The latest method to achieve optimal performance is the graph neural network (GNN), which has been used to model the structural relations between posts. In the graph, the nodes are posts, and the edges represent the similarity between the psycholinguistic features of the content. Generally, pre-trained language models are used to initialize the representations of posts as nodes. Yang et al. [32] tried to inject psycholinguistic knowledge into a heterogeneous graph called TrigNet by associating psycholinguistic category nodes to nodes of posts through word nodes as intermediaries. Zhu et al. [33] proposed CGTN by constructing a second graph of social media posts initialized with psycholinguistic features and employing contrastive learning to determine graph similarity, while Yang et al. [30] developed D-DGCN through a dynamic multi-hop structure that automatically updates inter-post connections. Departing from these graph-based approaches, our study introduces a lightweight attention network enhanced with author-specific topic preference and psycholinguistic knowledge, eliminating the need for complex graph structures.
Recent advances in personality detection have seen a noticeable decline in attention-based and Transformer-based models. This shift is largely attributable to the inherent challenges Transformers face when applied to fragmented and short texts common in social media—specifically, their limited ability to capture user-level patterns from dispersed and heterogeneous linguistic signals. As a result, recent research has increasingly favored graph-based frameworks, which offer a natural means to model latent relationships between posts and facilitate joint learning of user trait representations. These models often incorporate psycholinguistic cues to establish meaningful inter-post connections, as illustrated by the works [33, 32]. While GCN-based methods have demonstrated effectiveness in modeling structural relationships between posts, they face limitations in both robustness and efficiency. These models depend heavily on the quality of graph construction, which can be problematic in the presence of fragmented or noisy user posts where meaningful edges are difficult to define. For instance, methods such as TrigNet and D-DGCN require complex mechanisms (e.g., heterogeneous nodes and dynamic multi-hop edge updates) to infer useful connections, leading to increased computational overhead and implementation complexity.
To address these limitations, we propose a lightweight attention-based framework that revisits the use of self-attention for modeling inter-post dynamics. Rather than relying on fixed graph structures, our method leverages learned attention weights guided by psycholinguistic priors and user-specific topic preferences, allowing for fine-grained control over post importance and interdependencies.
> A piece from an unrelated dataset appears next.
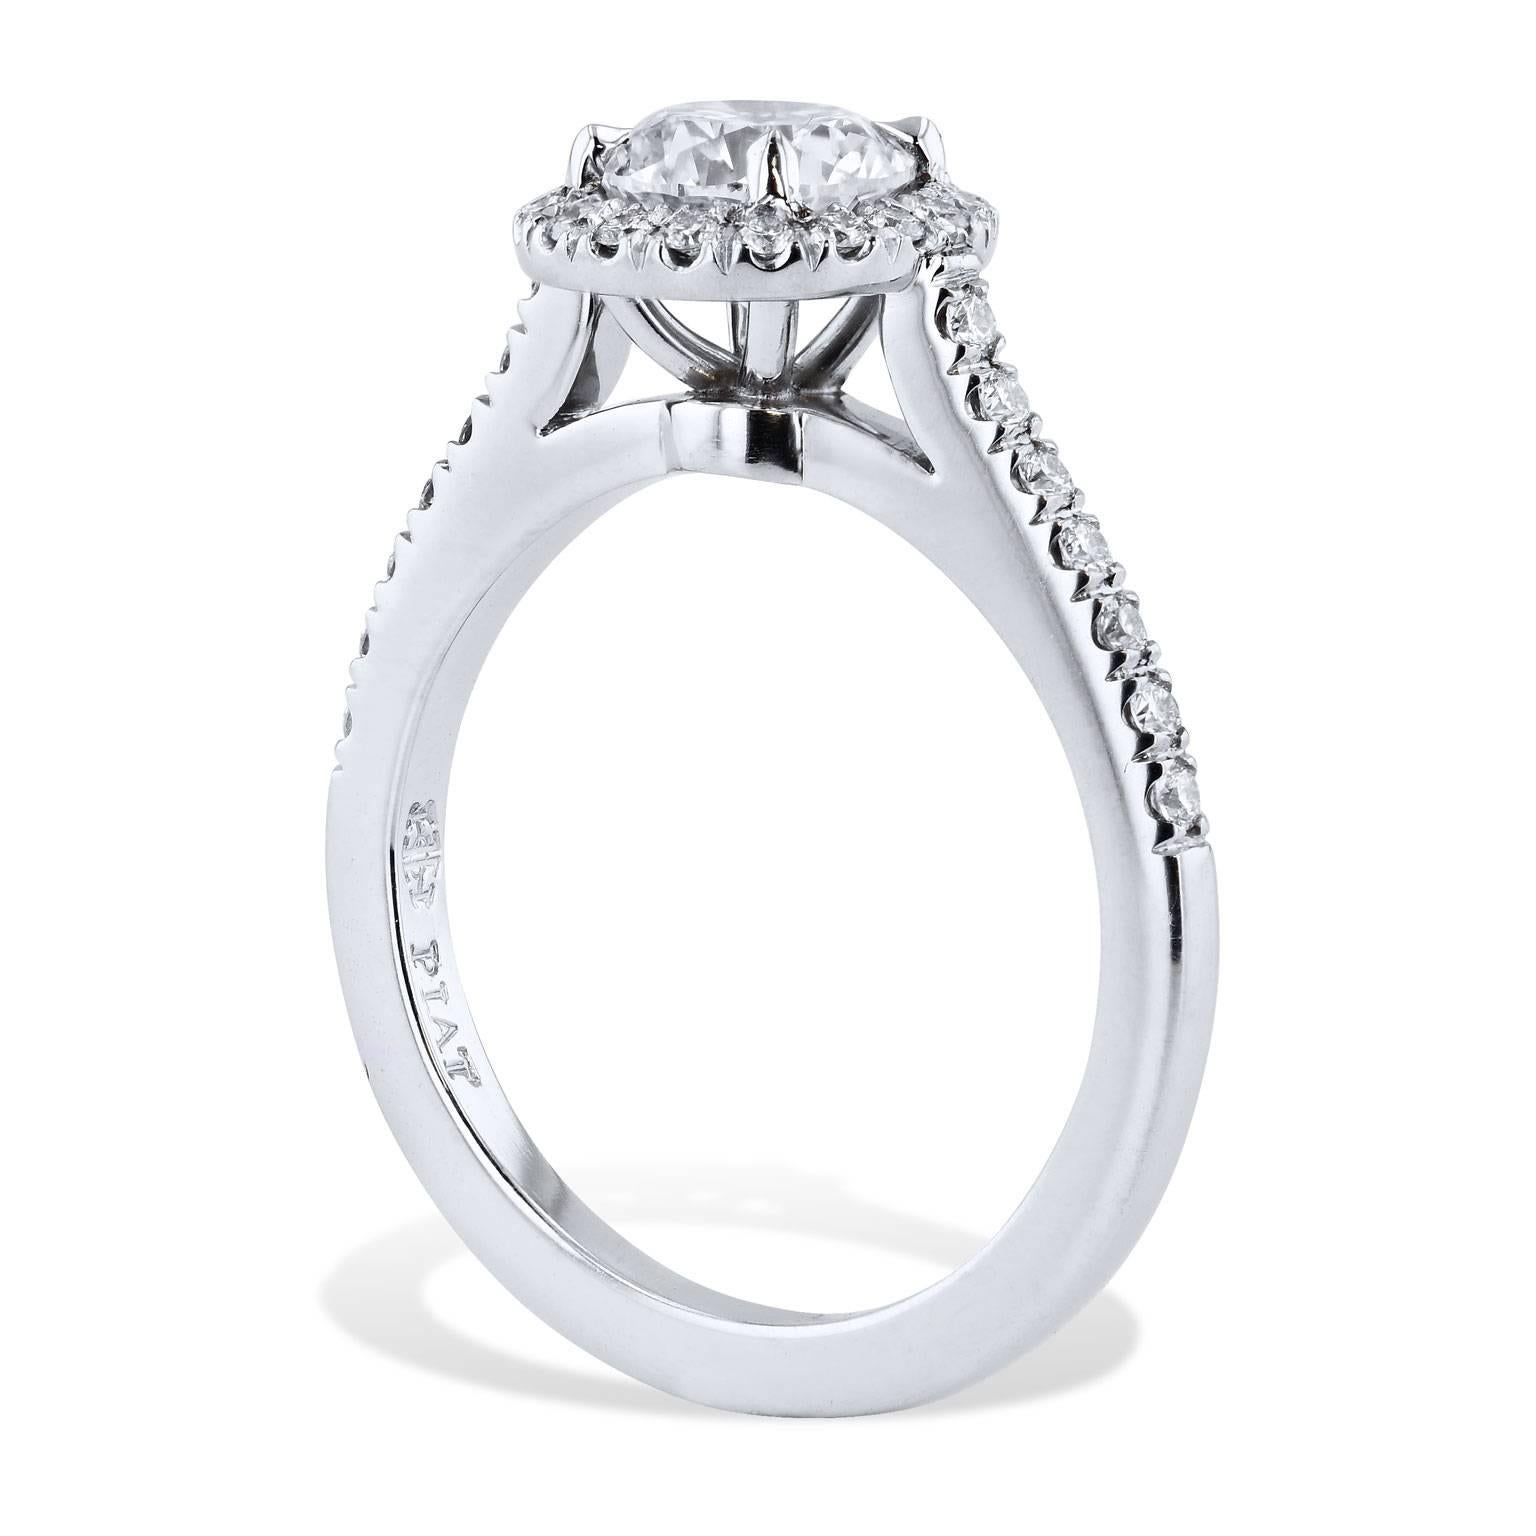 GIA Certified Handmade 1.00 Carat Round Diamond Halo Engagement Ring

This platinum engagement ring features a 1.00 carat round prong-set diamond (H/VS2; GIA# 2185686724) at center. 0.13 carat of round diamonds are pave-set in halo surrounding the

In doing so, our approach maintains the relational modeling strength of graph-based methods while improving scalability and reducing computational complexity.
In previous studies, count-based psycholinguistic features are occasionally used as a supplement to deep learning features. Further, a common practice is to directly concatenate the vectors of two features [18, 22, 35]. However, in personality detection, this practice neglects the different natures and potential capabilities of the two types of features.
More specifically, deep semantic information has the ability to reflect an author's thoughts and feelings towards life, along with their behavioral characteristics. According to the American Psychological Association 1: "personality refers to the enduring characteristics and behavior that comprise a person's unique adjustment to life, including major traits, interests, drives, values, self-concept, abilities, and emotional patterns". Pre-trained language models and deep neural networks help us to extract such patterns and link them to specific personality traits. (In this paper, we call them personality patterns.) However, a considerable number of posts consist solely of useless information [36], such as objective descriptions, which can hinder the detection of an author's personality.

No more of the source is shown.